START Provided records
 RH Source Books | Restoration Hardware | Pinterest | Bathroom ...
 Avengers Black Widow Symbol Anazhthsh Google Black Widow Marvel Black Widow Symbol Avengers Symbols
END Provided records
START Provided records
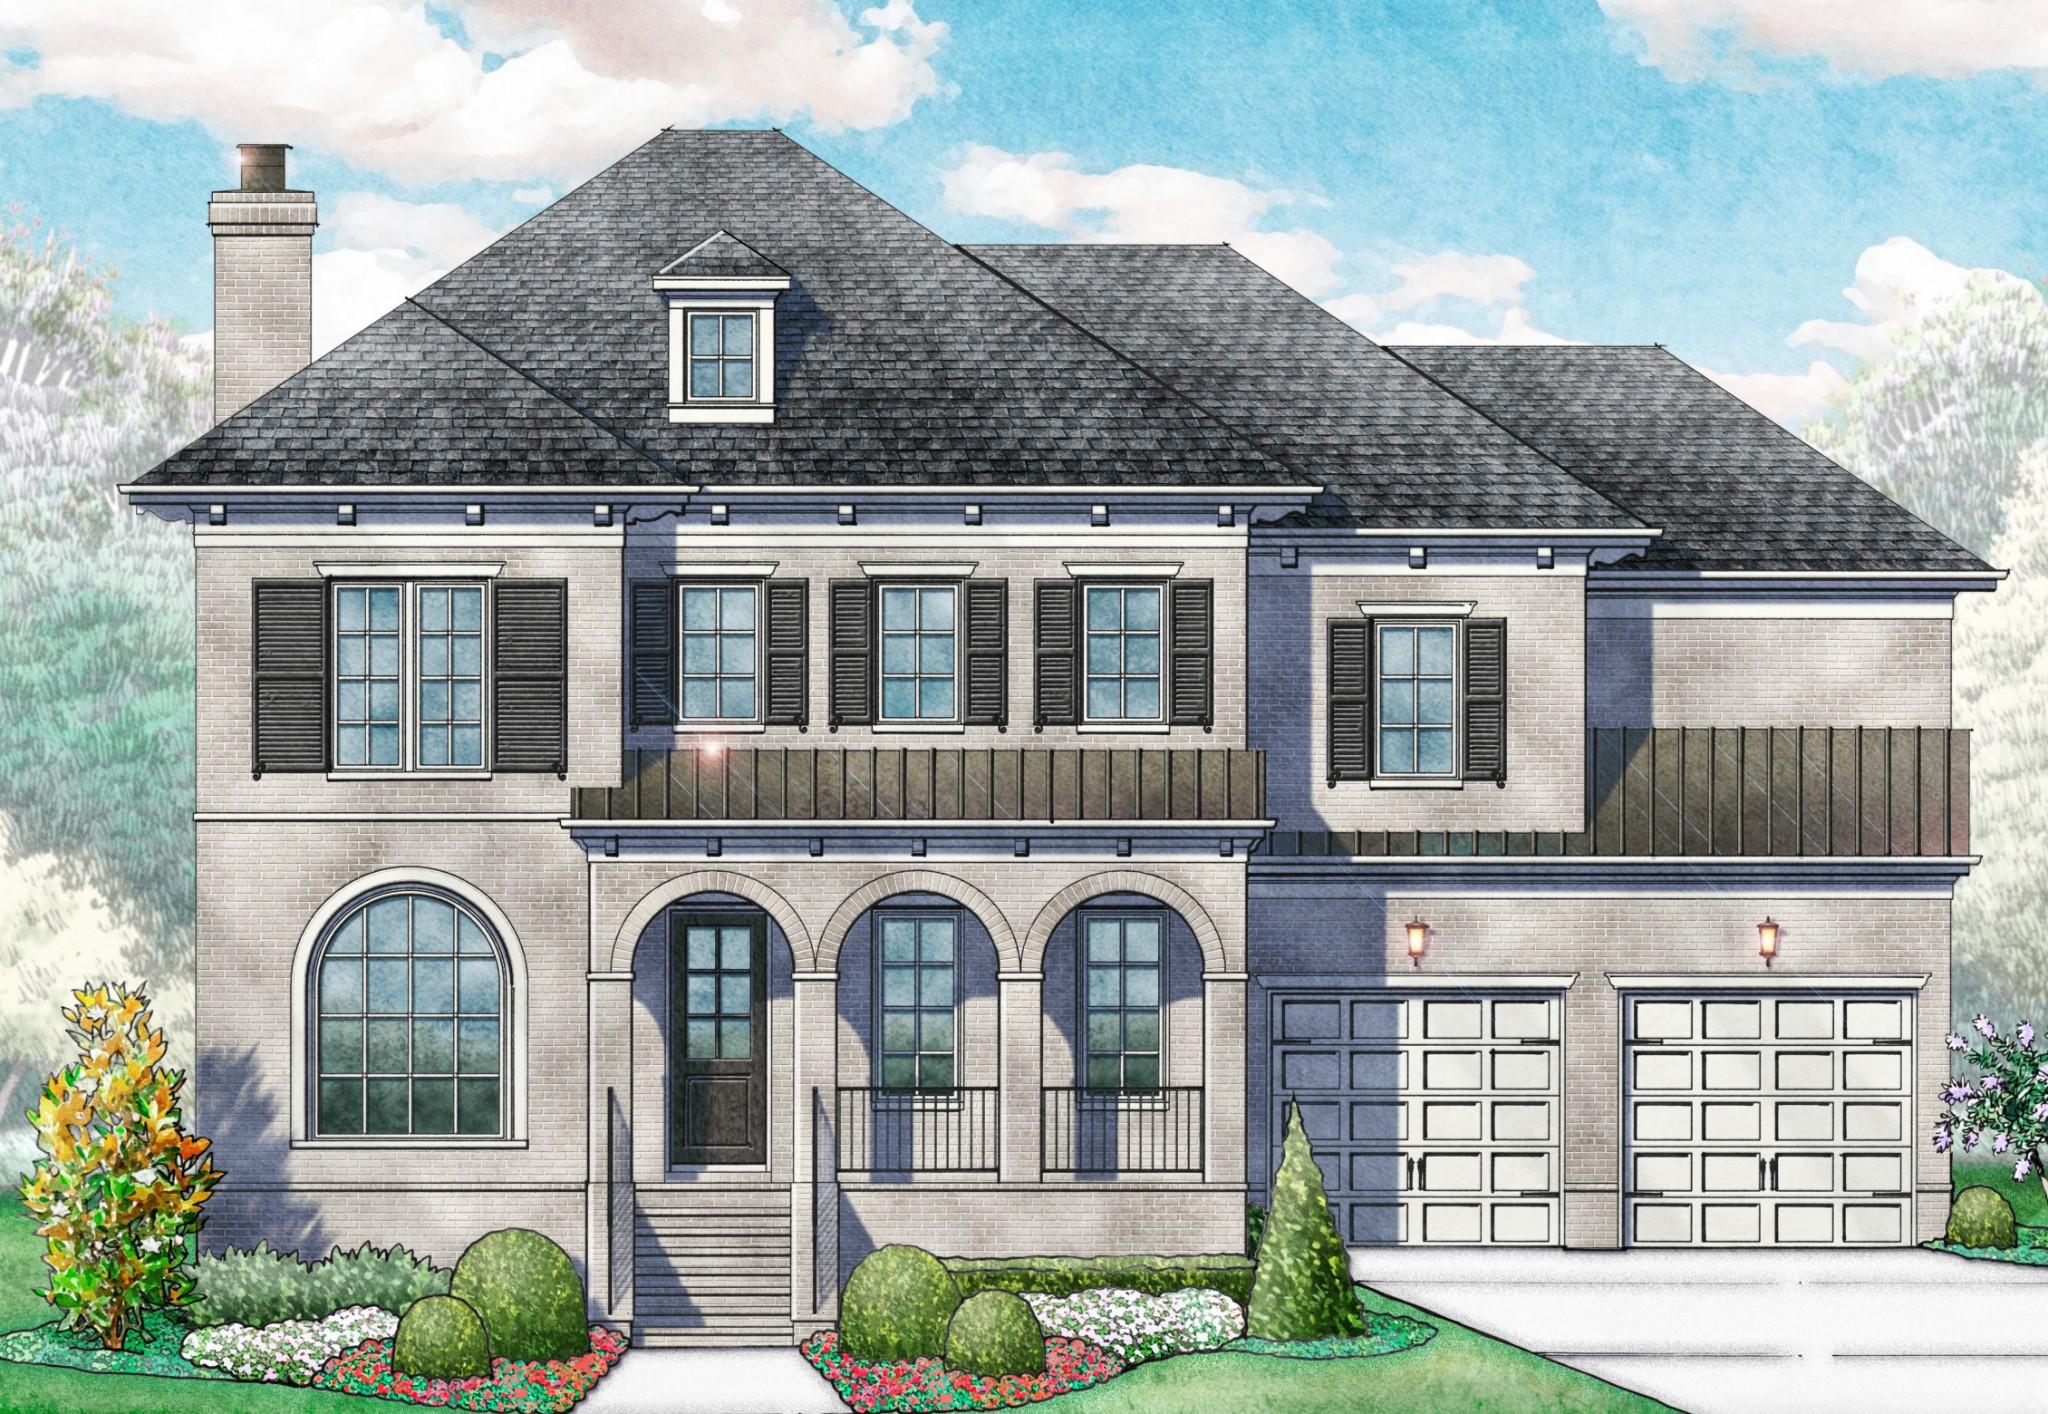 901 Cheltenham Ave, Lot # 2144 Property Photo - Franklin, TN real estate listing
END Provided records
Retype the portion of the data above that starts on the line with "RH Source Books" and finishes on the line with "Avengers Black Widow", including both of those lines.

 RH Source Books | Restoration Hardware | Pinterest | Bathroom ...
 Avengers Black Widow Symbol Anazhthsh Google Black Widow Marvel Black Widow Symbol Avengers Symbols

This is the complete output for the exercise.